Ipsen has demonstrated its commitment to leadership in this complex
ultra-rare genetic disorder through the ongoing late-stage clinical
development of palovarotene, an investigational retinoic acid
receptor gamma (RARγ) agonist. With the addition of BLU-782, which
recently completed dosing in a Phase 1 study in healthy volunteers,
Ipsen has the potential to offer the broadest possible suite of
treatment options for patients with FOP.
“Our strategy has been to build a leading Rare Diseases
franchise, and through the recent acquisition of Clementia, we
gained a first-in-class asset in palovarotene. Now, with the
addition of Blueprint Medicines’ BLU-782, we have two strong
complementary drug candidates. We will continue to develop and
deliver valuable treatments for patients around the world living
with FOP and other rare diseases,” said David Meek, CEO, Ipsen.

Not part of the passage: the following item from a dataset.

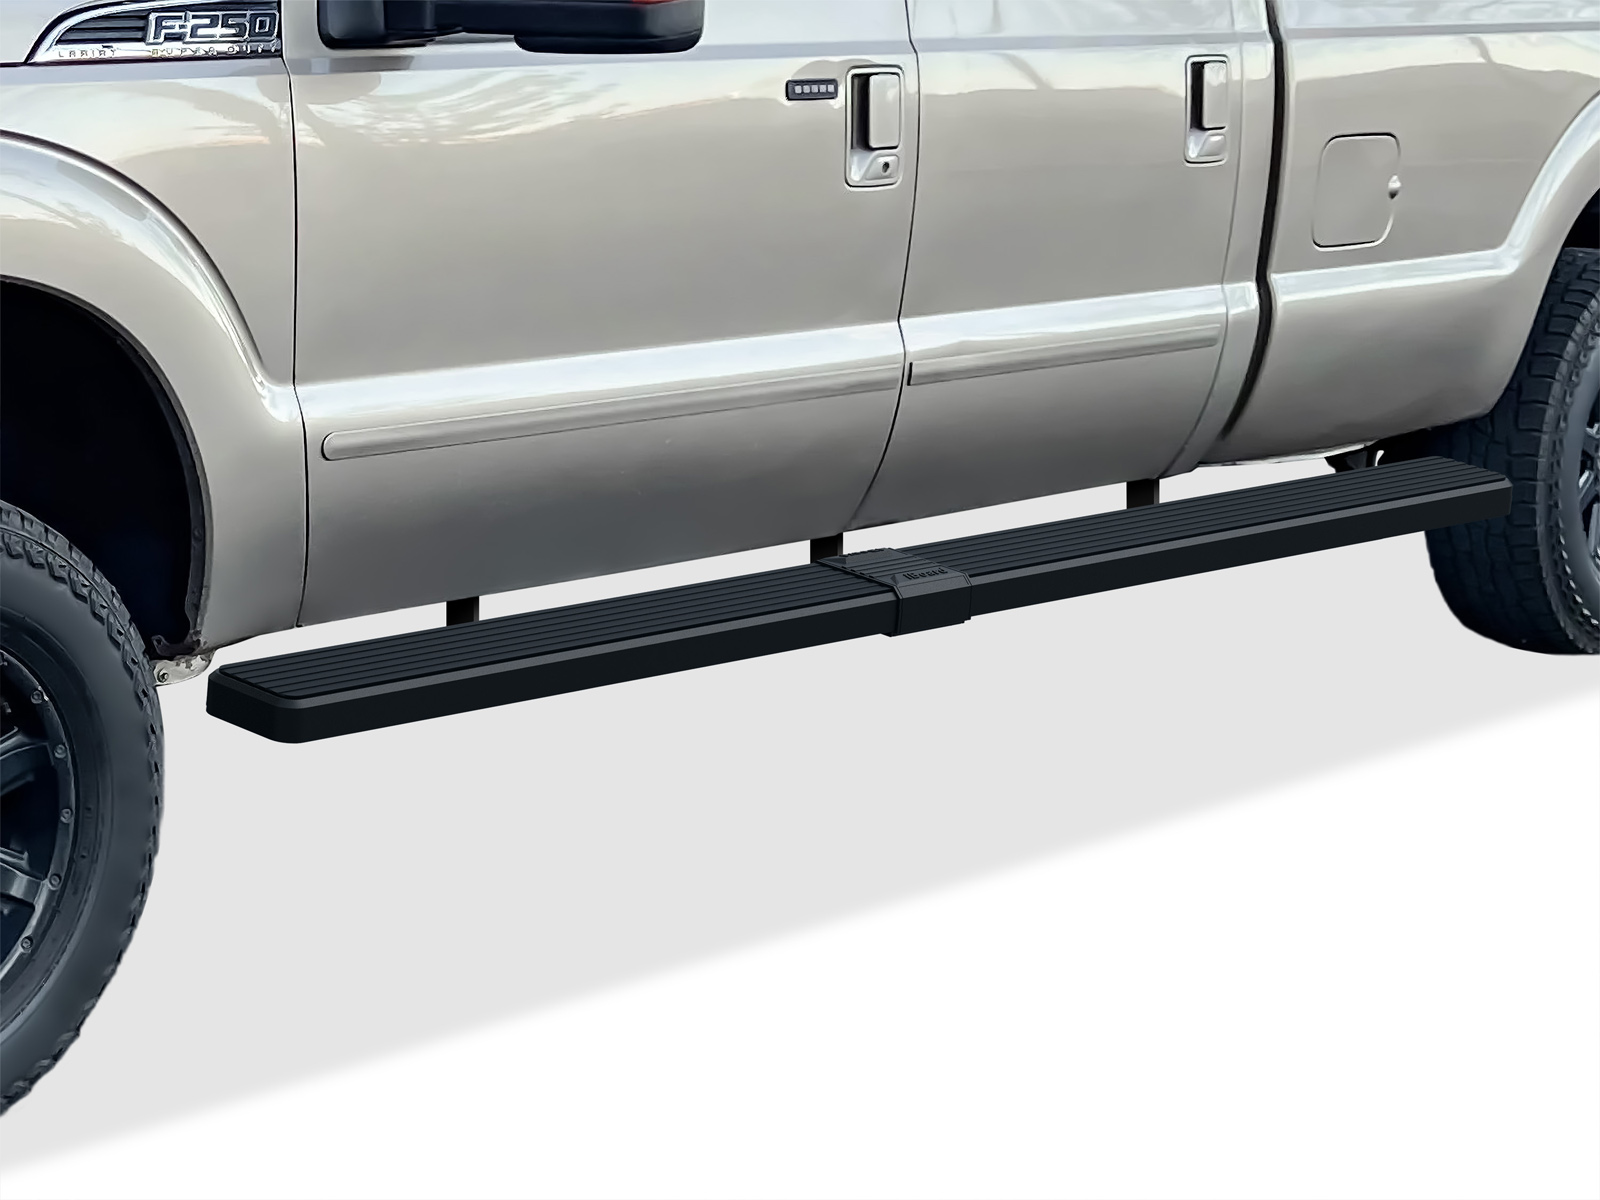 1999-2016 Ford F-250/F-350/F-450/F-550 Super Duty Crew Cab 6.5 ft Bed Both Sides iStep W2W 5 Inch Stainless Steel

“We admire Ipsen’s track record of successful global clinical
development in this complex, ultra-rare genetic disorder and
believe this expertise, combined with Ipsen’s global infrastructure
and commitment to transforming the treatment of FOP, will
accelerate the development of BLU-782 globally,” said Jeff Albers,
CEO, Blueprint Medicines. “We are inspired by the FOP community,
including the patients, families, clinicians and advocacy groups we
have had the fortune to work with, as we have advanced this program
from an idea to BLU-782, the first investigational therapy
targeting ALK2, the genetic driver of FOP, to enter clinical
development. We are also grateful for the dedication and drive of
our team at Blueprint Medicines whose tireless commitment has
brought BLU-782 this far.”
Subject to the terms of the license agreement, Blueprint
Medicines will be eligible to receive up to $535 million in
upfront, milestone and other payments, including an upfront cash
payment of $25 million and up to $510 million in potential
milestone payments related to specified development, regulatory and
sales-based milestones for licensed products in up to two
indications, including FOP. In addition, Ipsen will pay Blueprint
Medicines tiered percentage royalties ranging from the low- to
mid-teens on worldwide aggregate annual net sales of licensed
products, subject to adjustment in specified circumstances under
the license agreement.
About BLU-782
BLU-782 was designed by Blueprint Medicines to selectively
target mutant ALK2, the underlying cause of FOP, using Blueprint
Medicines’ proprietary scientific platform. Blueprint Medicines
recently completed dosing in a Phase 1 clinical trial of BLU-782 in
healthy volunteers and reported preliminary data at the American
Society of Bone and Mineral Research Annual Meeting in September
2019, which showed that BLU-782 was well-tolerated at all doses
tested. Previously reported preclinical data in a
well-characterized, genetically accurate FOP model showed that
BLU-782 prevented injury- and surgery-induced heterotopic
ossification, reduced edema and restored healthy tissue response to
muscle injury. The FDA has granted a rare pediatric disease
designation, orphan drug designation and fast track designation to
BLU-782.
About fibrodysplasia ossificans progressiva (FOP)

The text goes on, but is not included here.